[Stored records]
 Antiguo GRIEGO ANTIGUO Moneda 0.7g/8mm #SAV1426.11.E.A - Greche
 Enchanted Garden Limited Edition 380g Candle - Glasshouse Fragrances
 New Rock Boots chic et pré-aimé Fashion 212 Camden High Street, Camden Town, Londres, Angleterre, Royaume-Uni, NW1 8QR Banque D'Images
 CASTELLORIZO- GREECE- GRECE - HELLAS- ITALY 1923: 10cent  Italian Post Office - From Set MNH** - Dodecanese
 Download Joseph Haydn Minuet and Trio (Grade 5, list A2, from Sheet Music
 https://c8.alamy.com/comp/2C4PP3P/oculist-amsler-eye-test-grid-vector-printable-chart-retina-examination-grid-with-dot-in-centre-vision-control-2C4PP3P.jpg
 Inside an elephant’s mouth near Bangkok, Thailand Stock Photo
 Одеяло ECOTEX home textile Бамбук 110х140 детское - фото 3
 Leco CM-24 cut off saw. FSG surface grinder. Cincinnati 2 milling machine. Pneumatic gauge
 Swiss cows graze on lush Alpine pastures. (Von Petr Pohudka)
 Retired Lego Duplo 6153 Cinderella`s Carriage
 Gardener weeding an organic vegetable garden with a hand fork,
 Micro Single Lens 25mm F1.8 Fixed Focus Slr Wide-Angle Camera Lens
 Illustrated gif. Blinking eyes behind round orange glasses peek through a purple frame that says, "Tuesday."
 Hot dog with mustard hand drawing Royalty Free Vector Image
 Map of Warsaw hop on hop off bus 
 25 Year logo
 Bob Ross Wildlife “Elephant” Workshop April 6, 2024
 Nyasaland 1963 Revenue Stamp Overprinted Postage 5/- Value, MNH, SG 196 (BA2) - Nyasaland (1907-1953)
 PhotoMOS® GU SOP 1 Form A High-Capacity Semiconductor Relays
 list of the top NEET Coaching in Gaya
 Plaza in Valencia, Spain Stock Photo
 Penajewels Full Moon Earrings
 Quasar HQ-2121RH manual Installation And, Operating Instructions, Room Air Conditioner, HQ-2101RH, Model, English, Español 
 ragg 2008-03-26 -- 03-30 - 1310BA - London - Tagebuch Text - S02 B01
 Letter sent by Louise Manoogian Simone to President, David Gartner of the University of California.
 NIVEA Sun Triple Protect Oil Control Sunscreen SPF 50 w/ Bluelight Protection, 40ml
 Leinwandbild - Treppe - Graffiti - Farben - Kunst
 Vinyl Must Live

### Problem to work on
You are asked to count the lines of the records above in which the word "Stock" occurs, and to give only that number.

### Response to this task
2